- _Data below_:
╔══
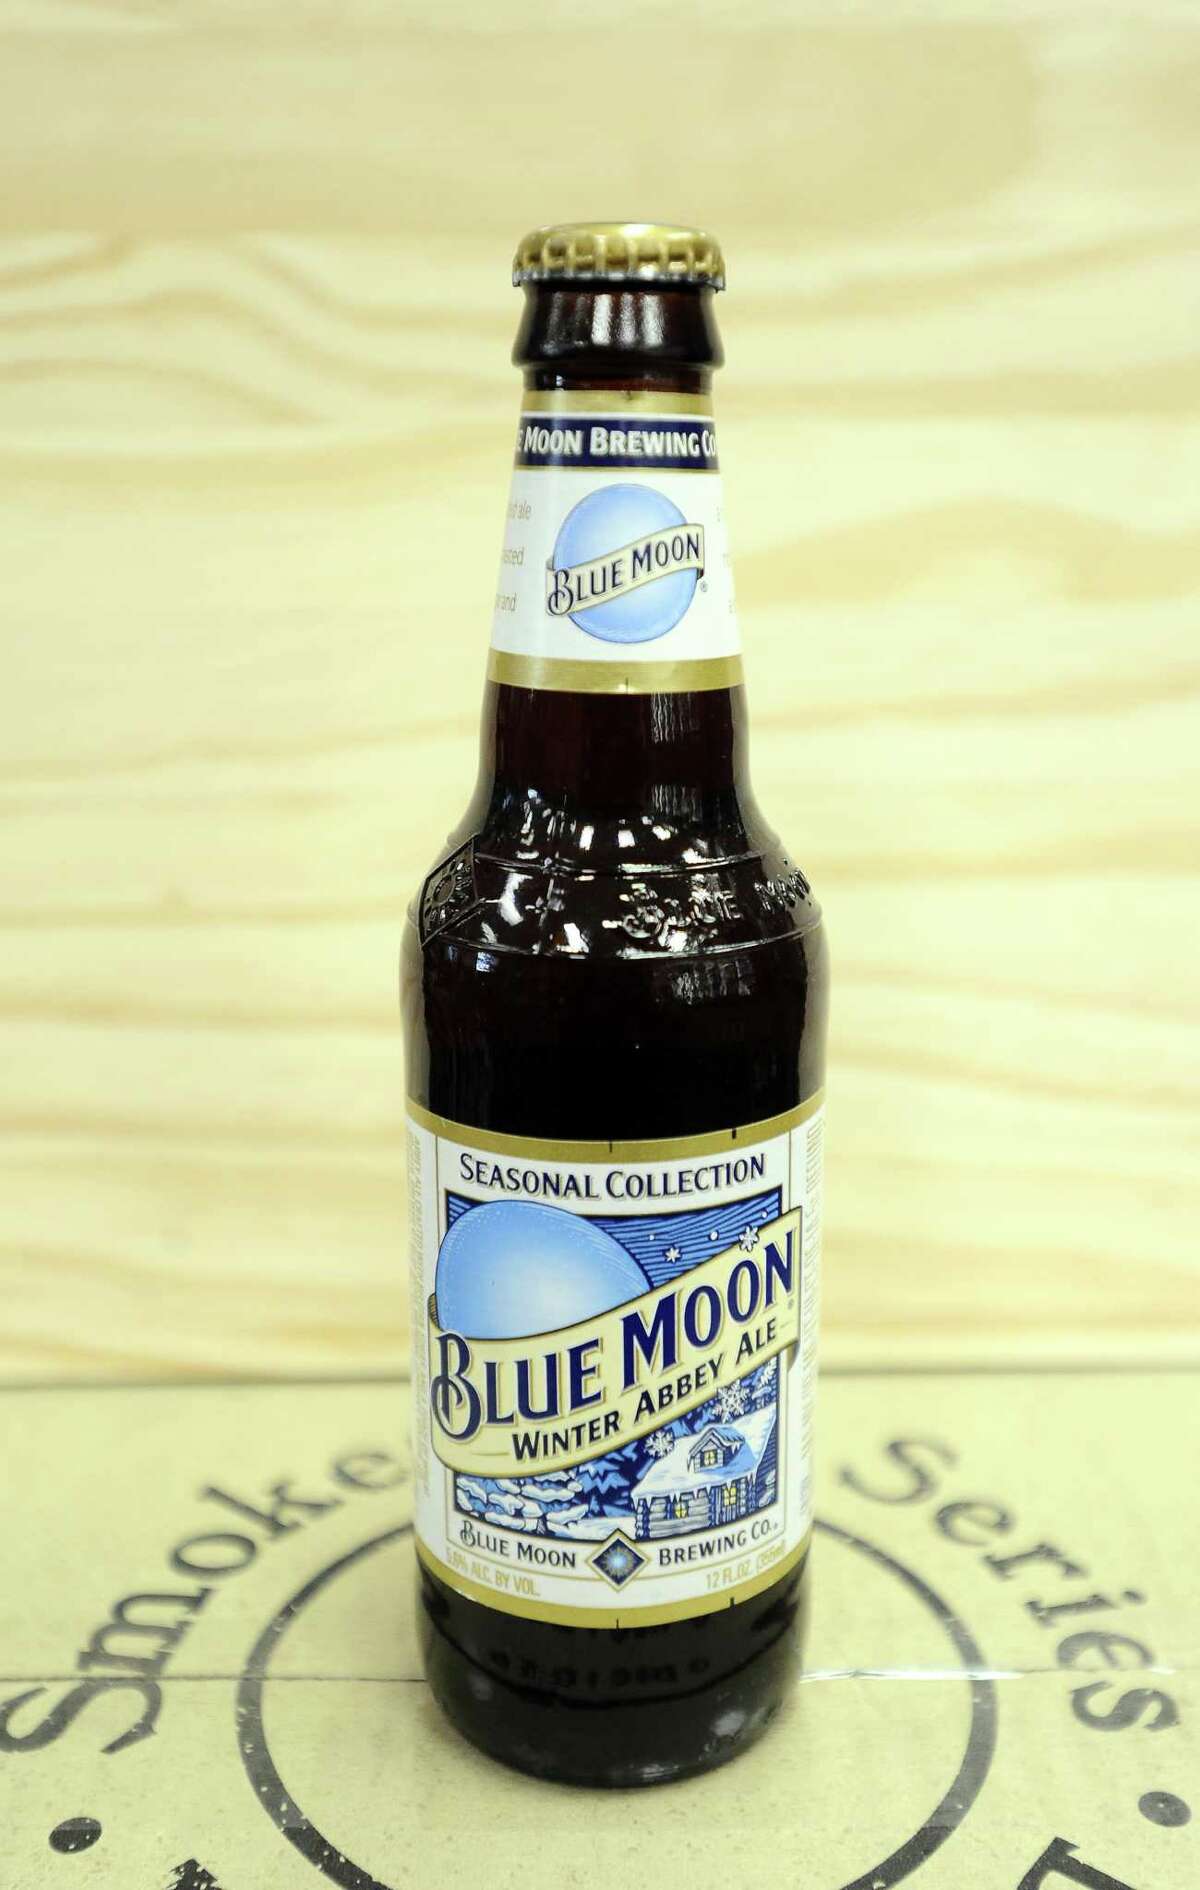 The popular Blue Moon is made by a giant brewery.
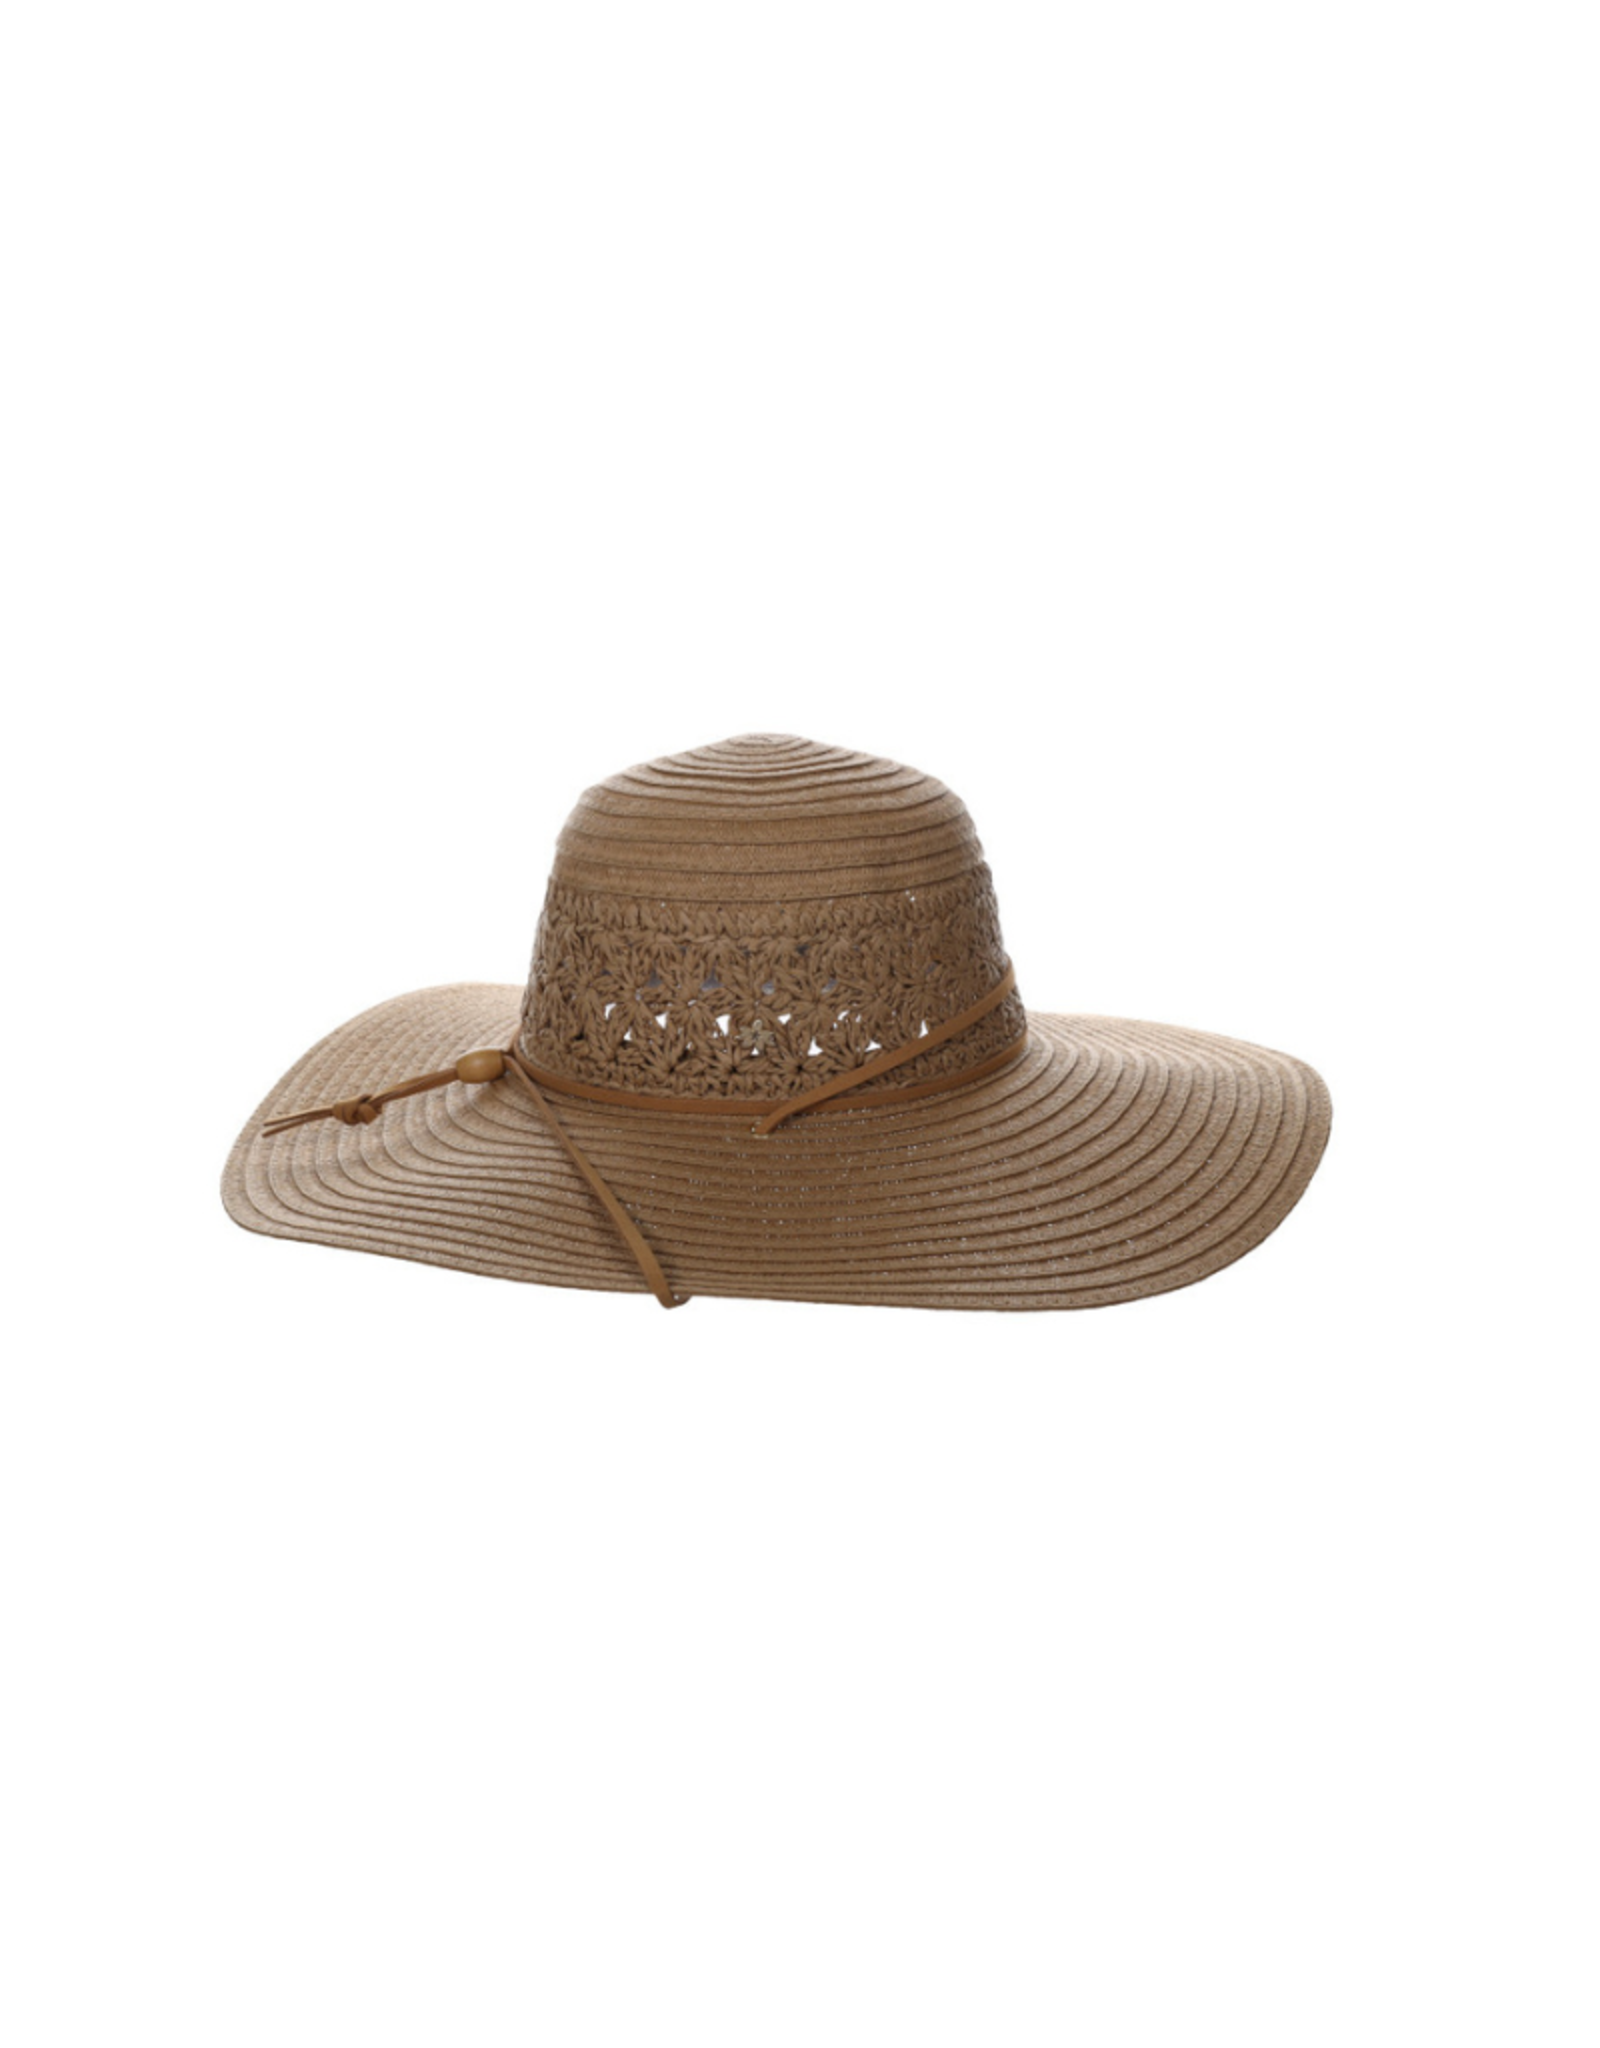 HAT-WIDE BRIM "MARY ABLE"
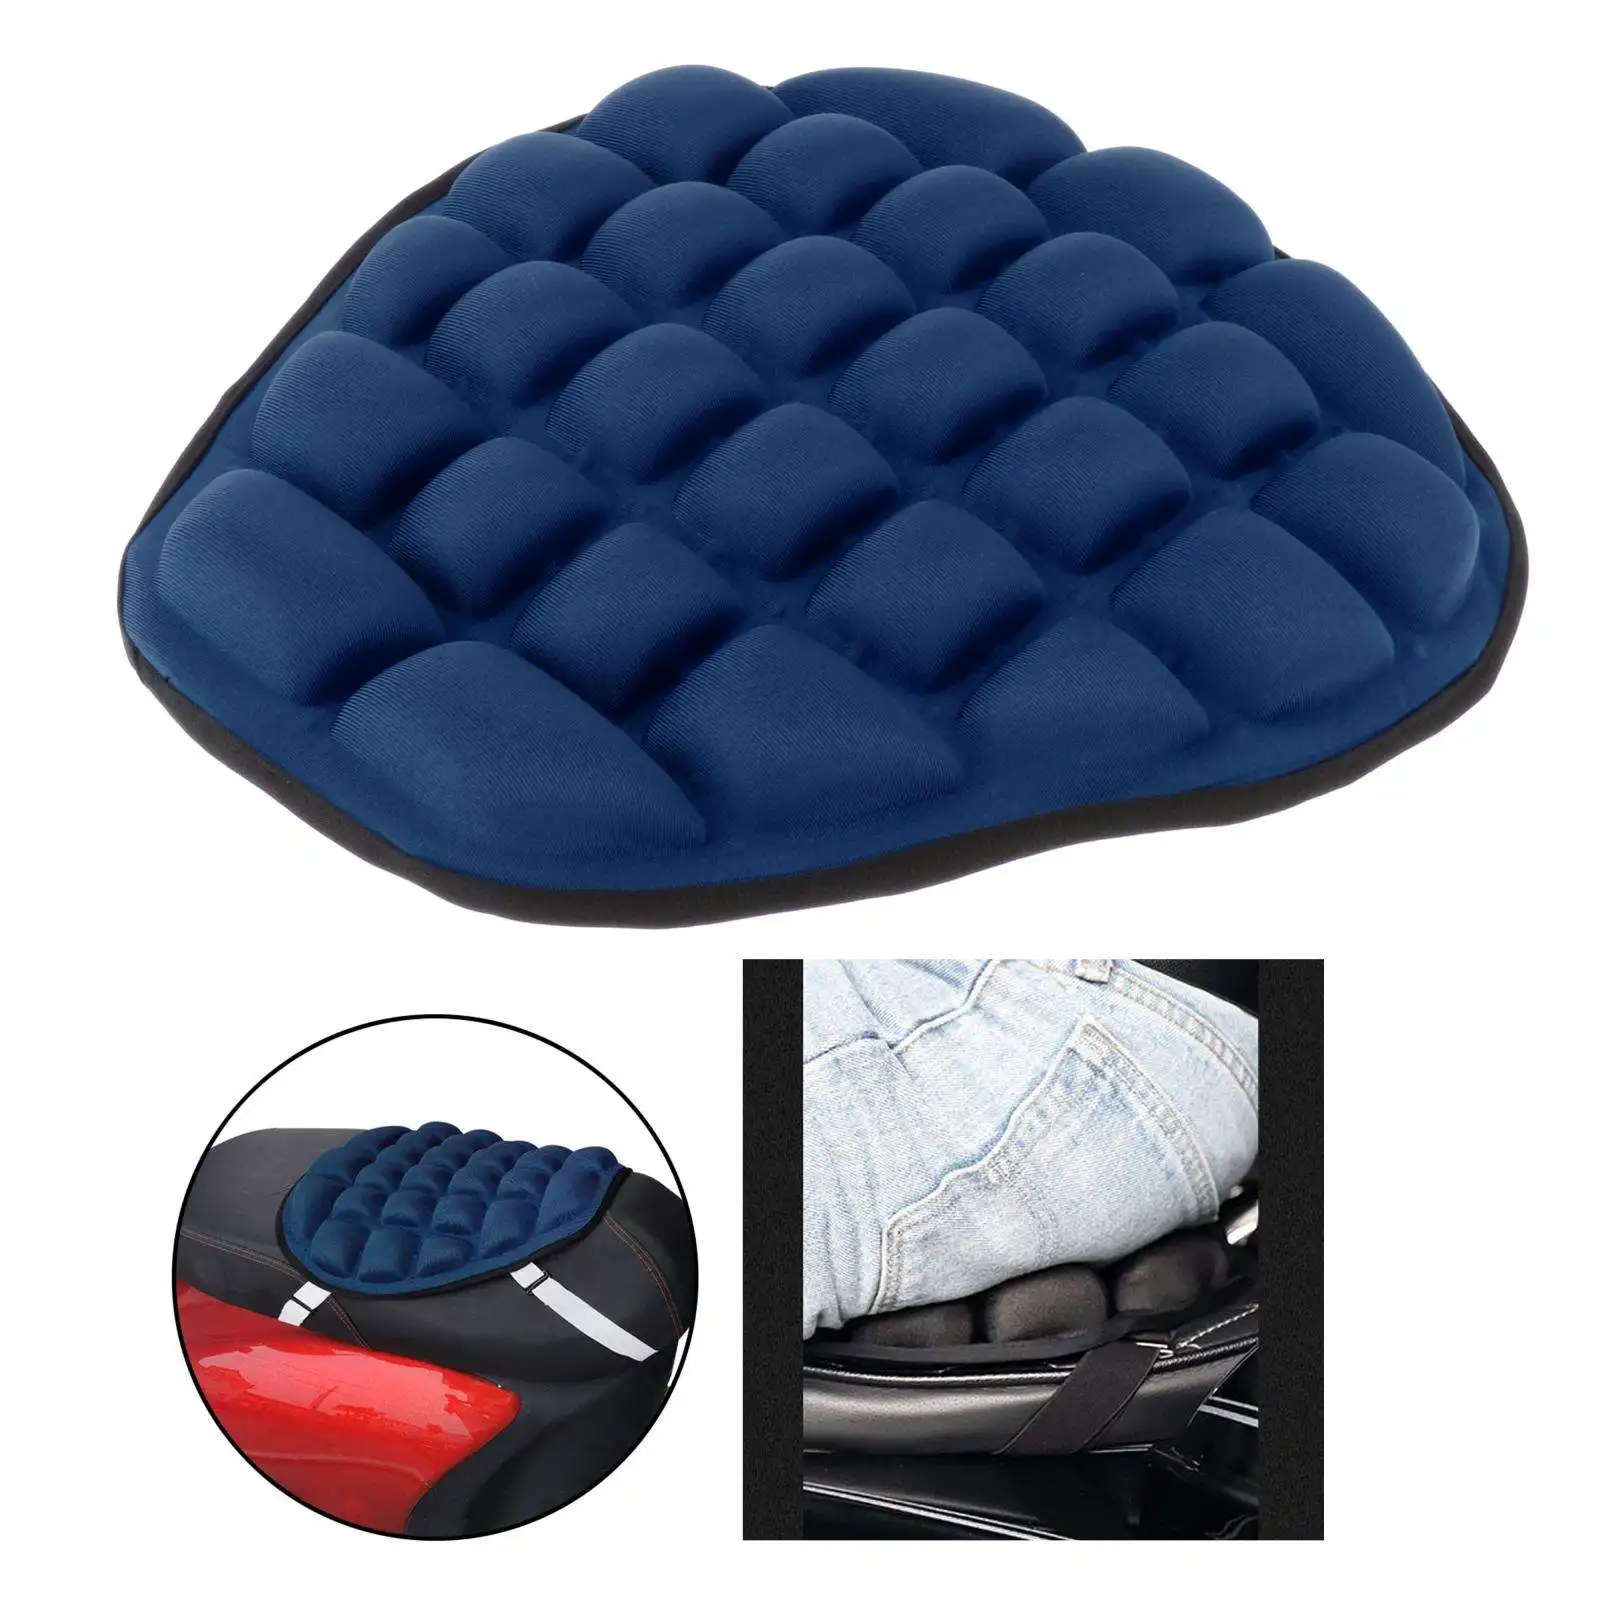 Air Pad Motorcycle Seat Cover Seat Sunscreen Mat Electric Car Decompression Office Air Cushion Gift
╚══
- _Task directions_:
Could you reproduce all of the material exactly? Keep the pictures out of it.

- _Exercise output_:
 The popular Blue Moon is made by a giant brewery.
 HAT-WIDE BRIM "MARY ABLE"
 Air Pad Motorcycle Seat Cover Seat Sunscreen Mat Electric Car Decompression Office Air Cushion Gift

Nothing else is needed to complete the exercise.